• **Required work**:
Output the lines from the one containing "random pics - hairstyle" through the last line of the material below, exactly; please do not include pictures.

• **Dataset content**:

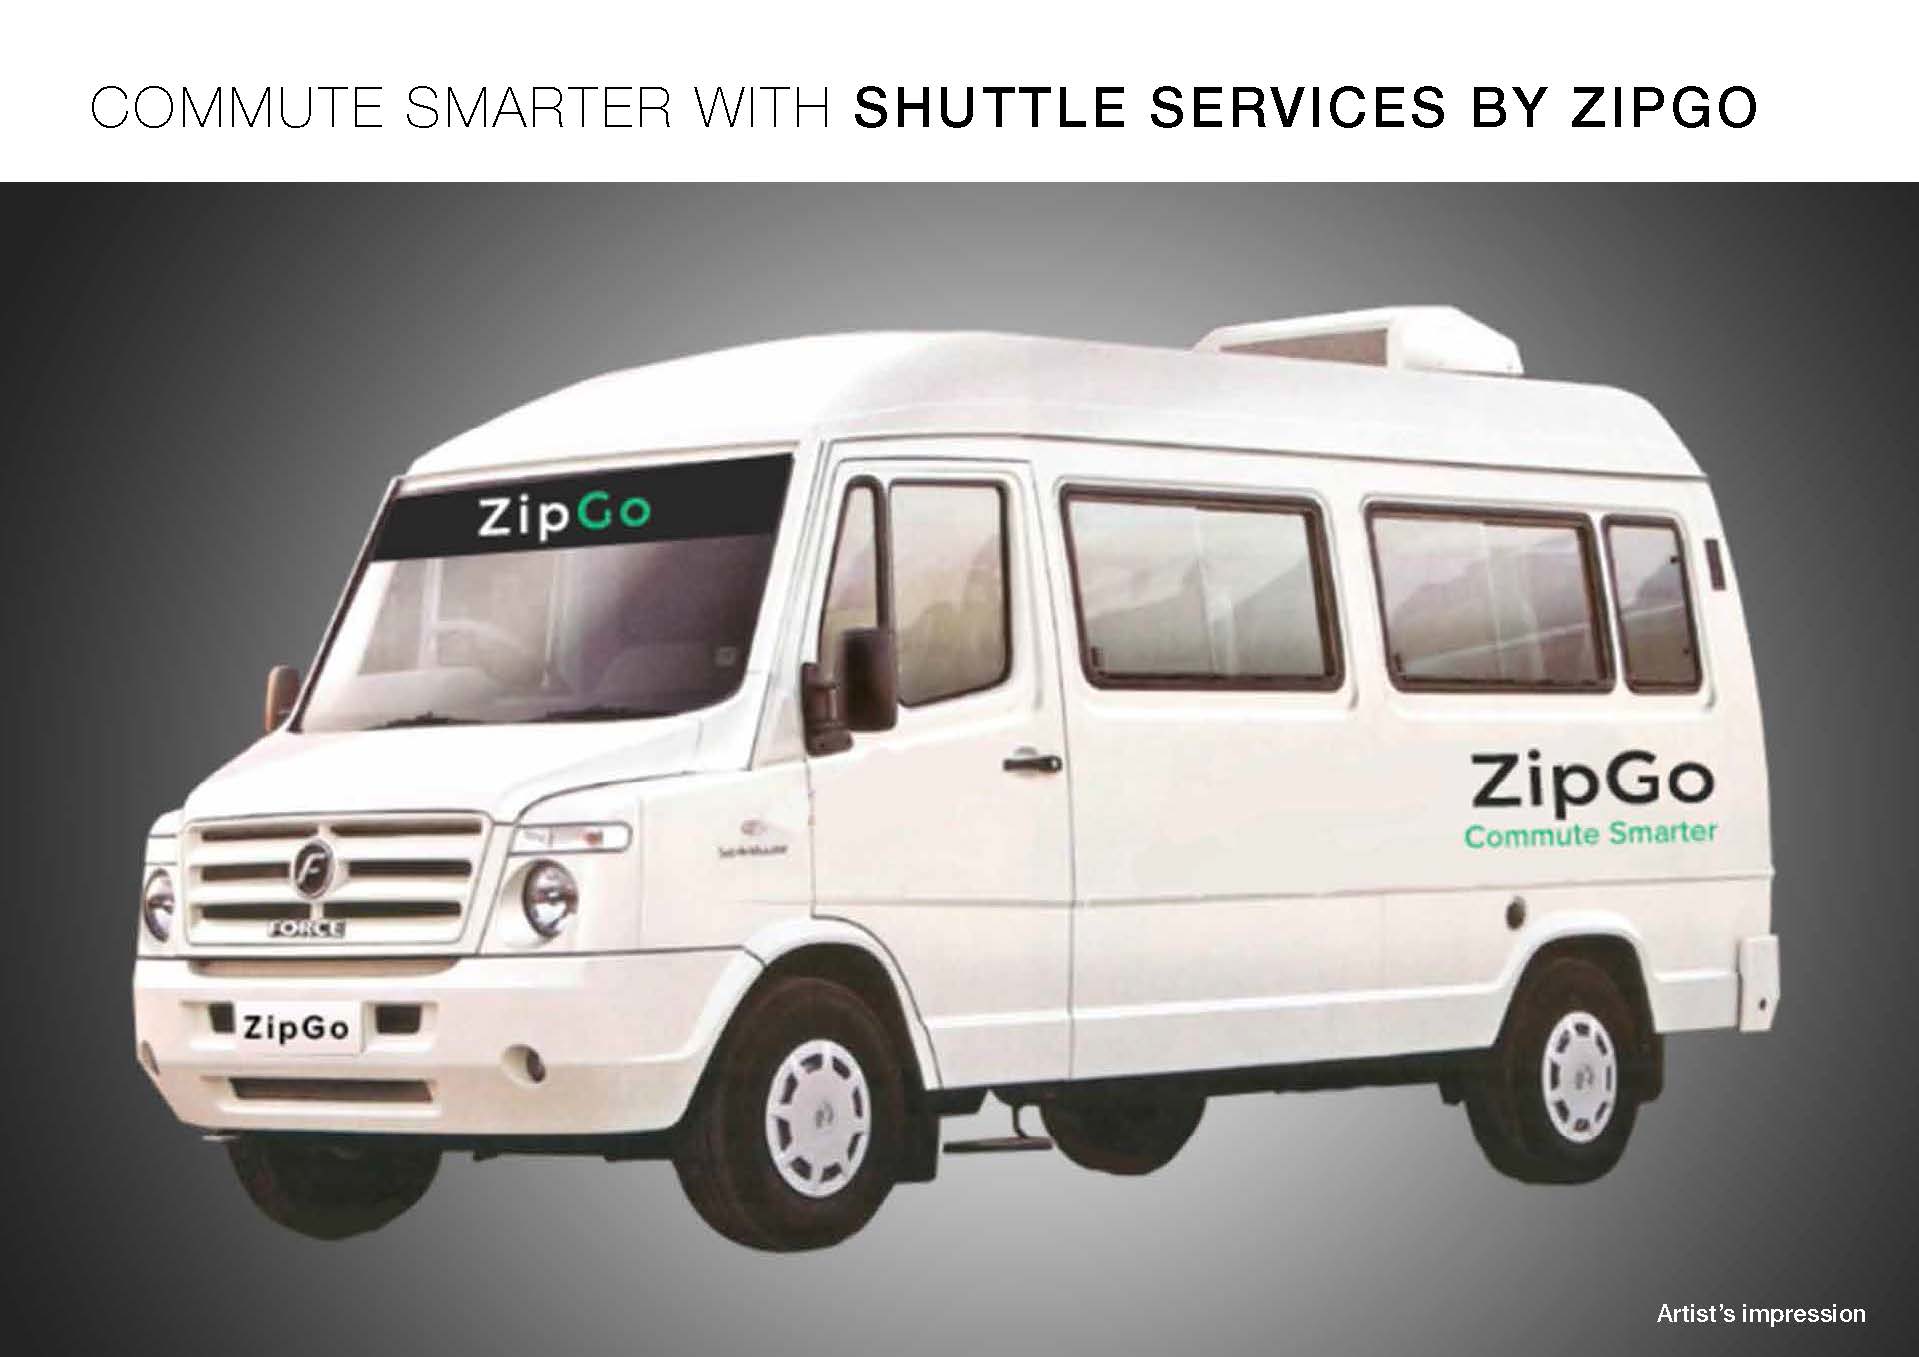 Commute smarter with shuttle services by Zipgo at Godrej Summit
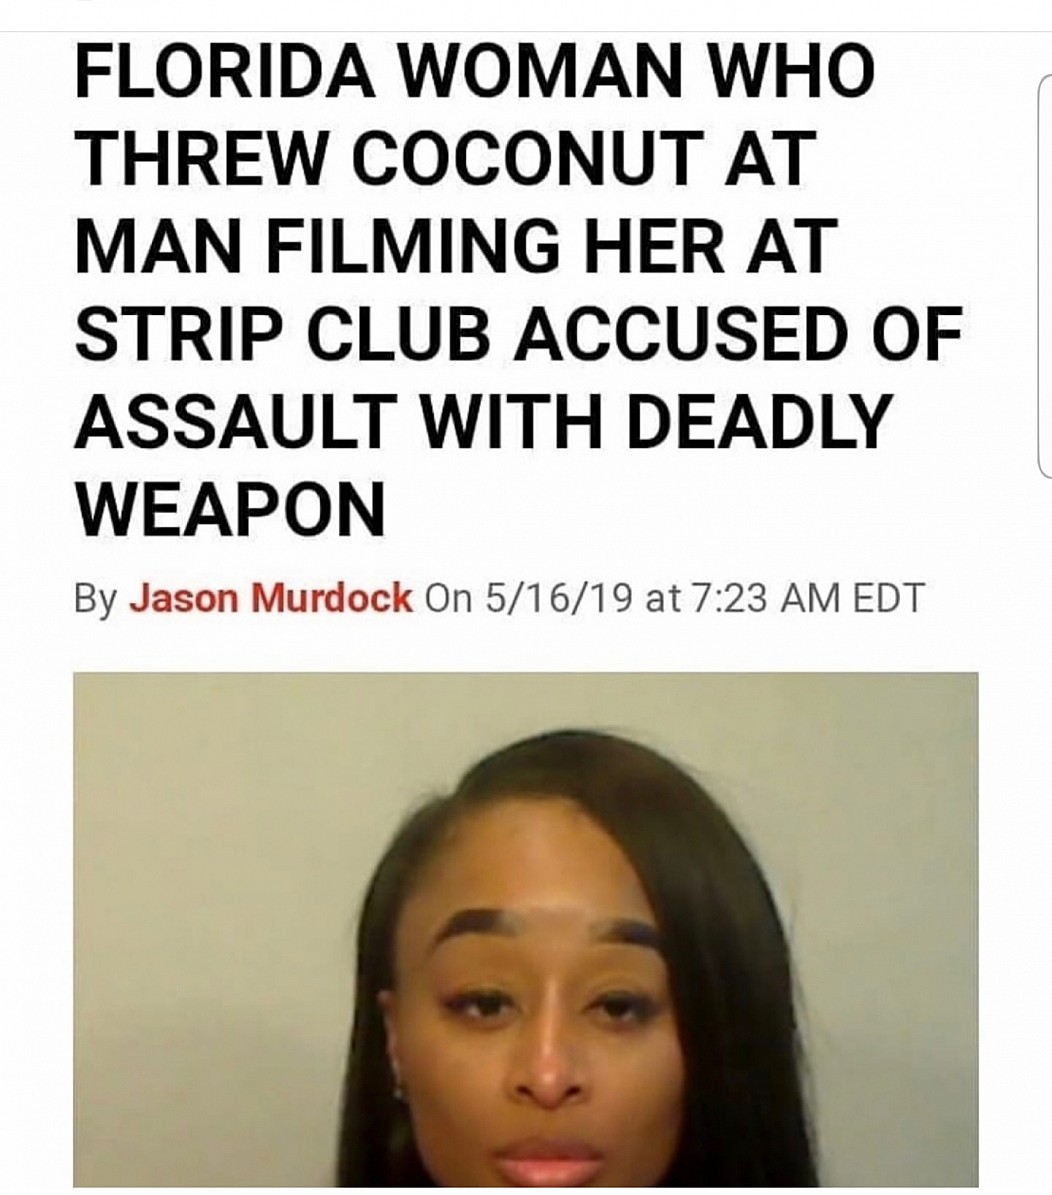 random pics - hairstyle - Florida Woman Who Threw Coconut At Man Filming Her At Strip Club Accused Of Assault With Deadly Weapon By Jason Murdock On 51619 at Edt
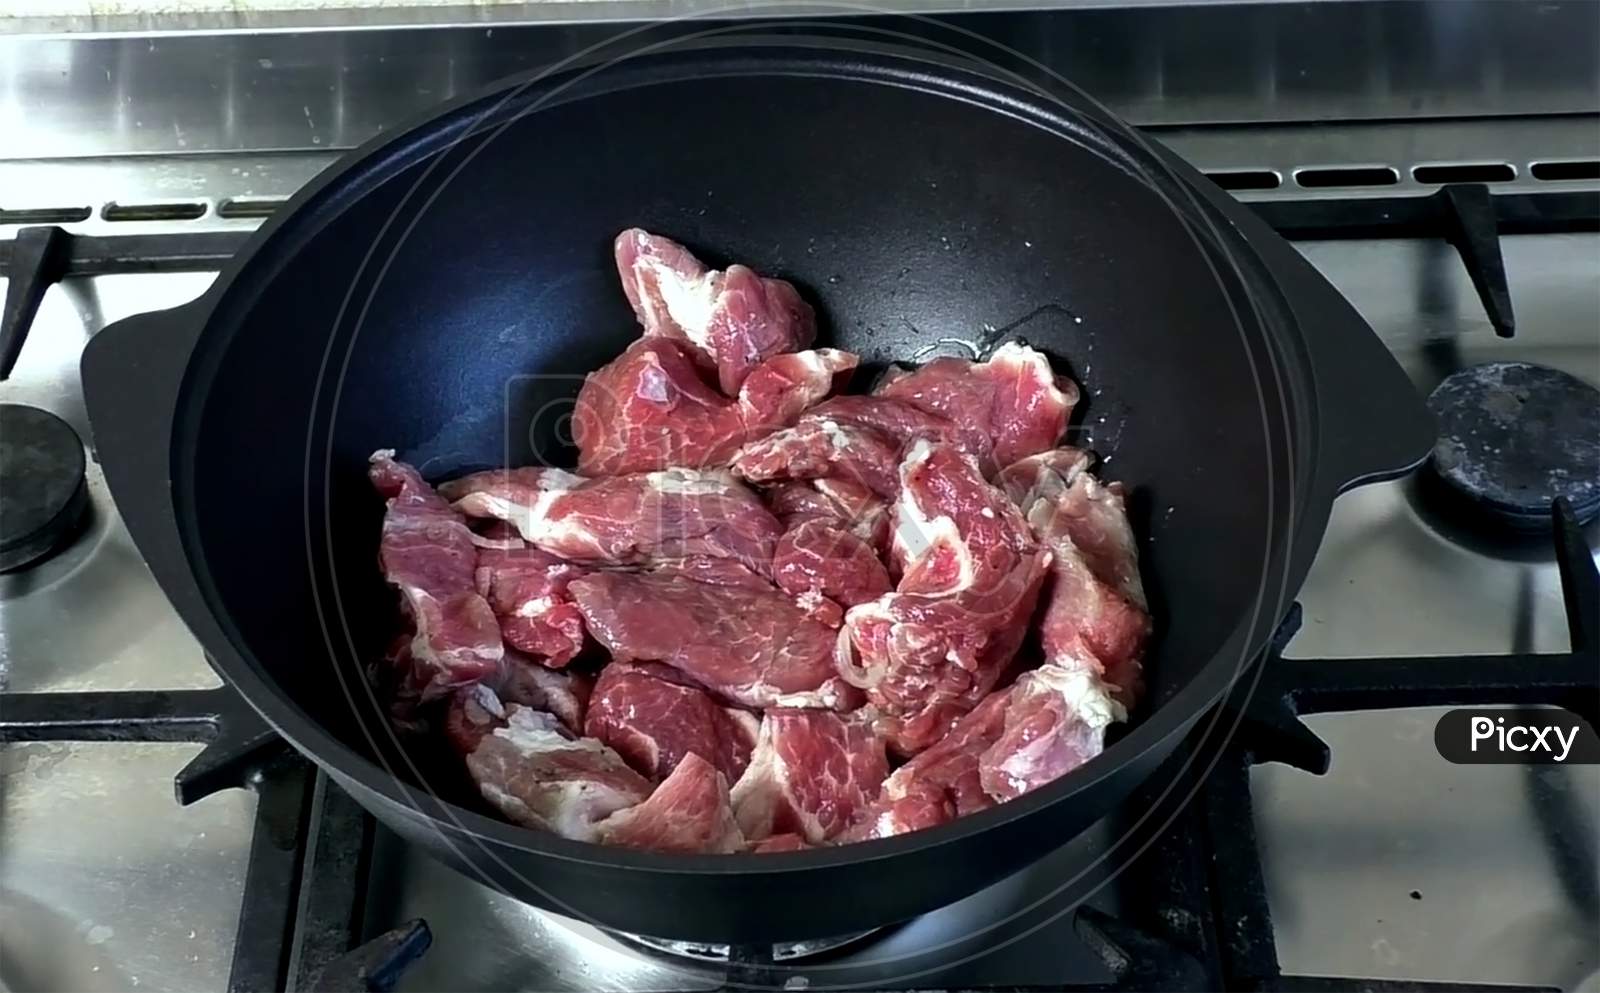 Meat On Pan Image

• **Exercise response**:
 random pics - hairstyle - Florida Woman Who Threw Coconut At Man Filming Her At Strip Club Accused Of Assault With Deadly Weapon By Jason Murdock On 51619 at Edt
 Meat On Pan Image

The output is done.